The group recently discovered that a protein-folding system in mosquitoes—known as the prefoldin–chaperonin complex—plays a critical role in the parasite’s survival, as published March 6 in Nature Microbiology. This system helps the mosquito form key structural components in the midgut, including the basal lamina, in which the parasite embeds itself to hide from the mosquito’s immune defenses.

“When you disrupt this protein-folding machine, the parasite can no longer hide,” says Dimopoulos. “At the same time, the mosquito’s gut lining breaks down, and bacteria leak out into the body causing a lethal infection. This also primes the mosquito’s immune response, which targets the exposed parasite.”

The result is a double blow: the parasite’s ability to survive is blocked, and in lab tests up to 60% of the mosquitoes died from bacterial infection. But what makes the discovery even more powerful is how it might be scaled.

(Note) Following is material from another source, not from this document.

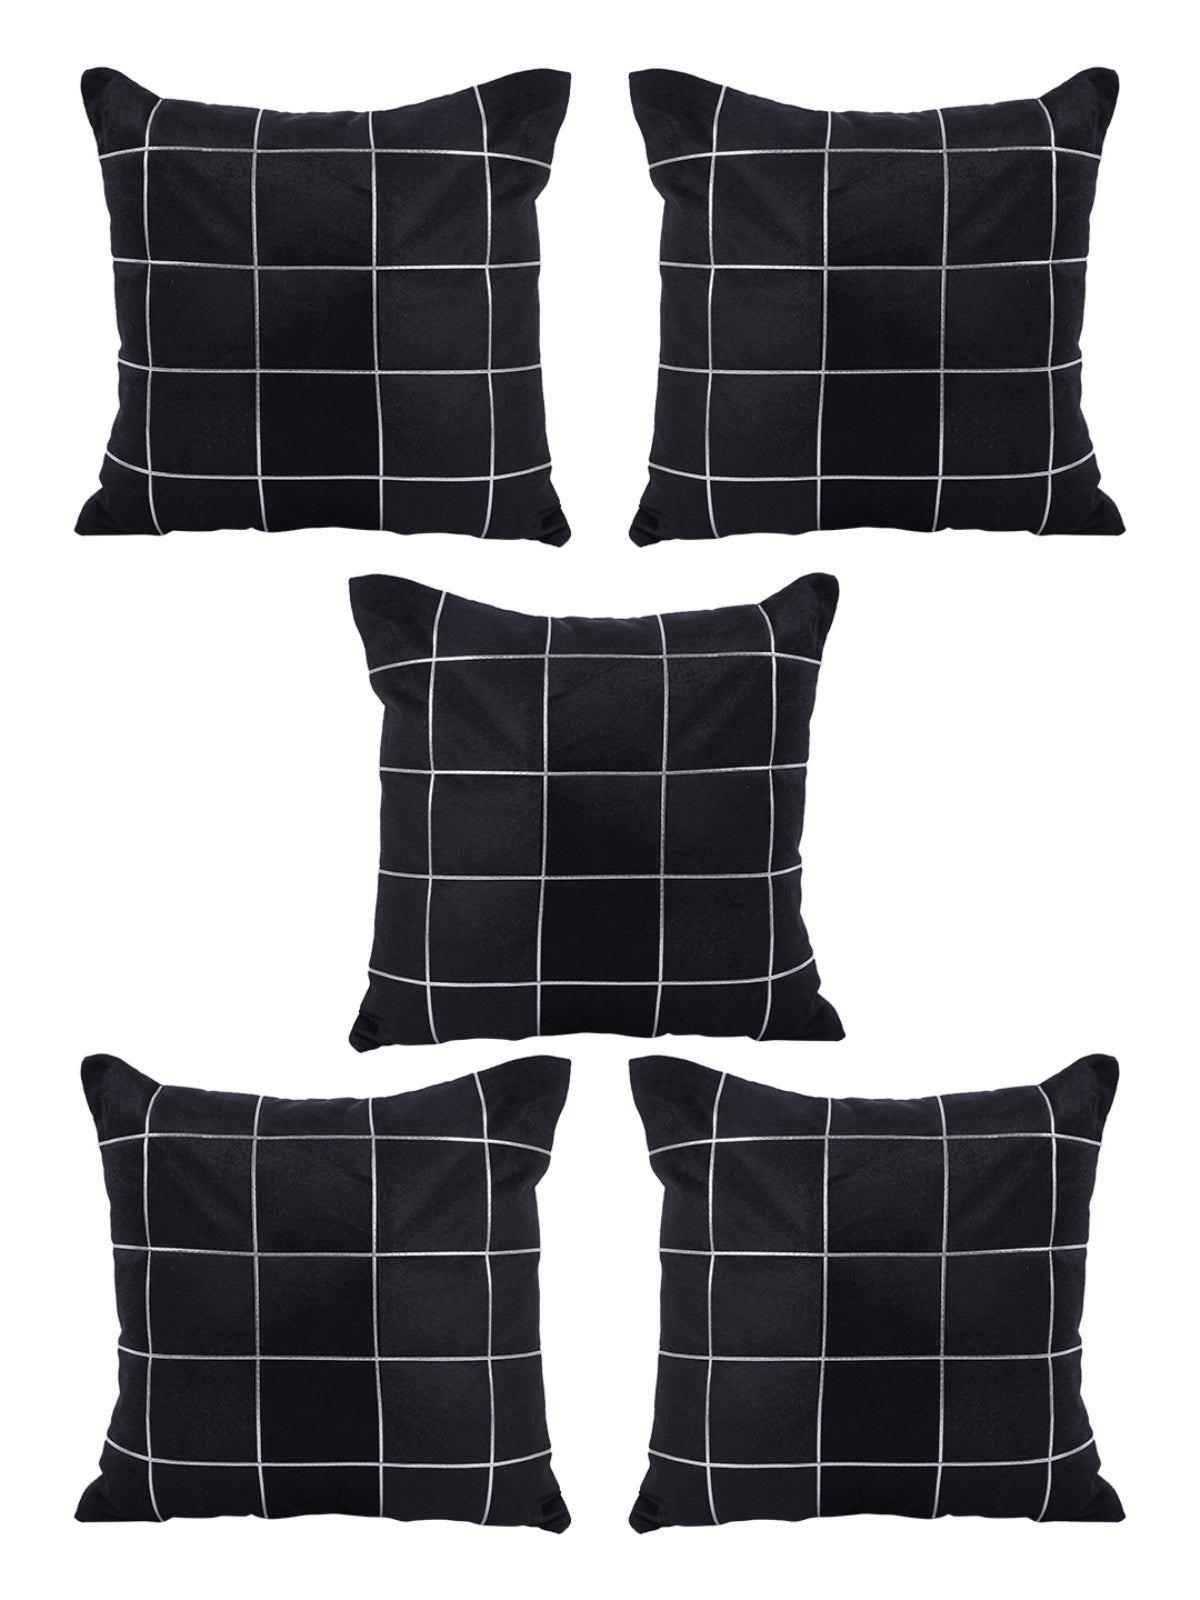 Black Set of 5 Polyester 16 Inch x 16 Inch Cushion Covers

Dimopoulos envisions two practical applications. One involves vaccines that prompt humans—or even livestock—to produce those antibodies in their bloodstream. When a mosquito bites a vaccinated host, it ingests the antibodies, which then disrupt its internal protein-folding system, exposing the parasite to the primed immune system and triggering the lethal bacterial infection. The other is based on artificial nectar stations laced with the antibody-mimicking molecules that target the protein-folding system when mosquitoes feed on it.

What's particularly promising is that the approach works against multiple malaria species—including Plasmodium falciparum and P. vivax—and across different mosquito vectors, offering protection that conventional methods can't match.

“This complex exists in all mosquito species,” Dimopoulos notes. “It’s a pan-antimalarial control method that blocks the parasite and also kills the mosquito.”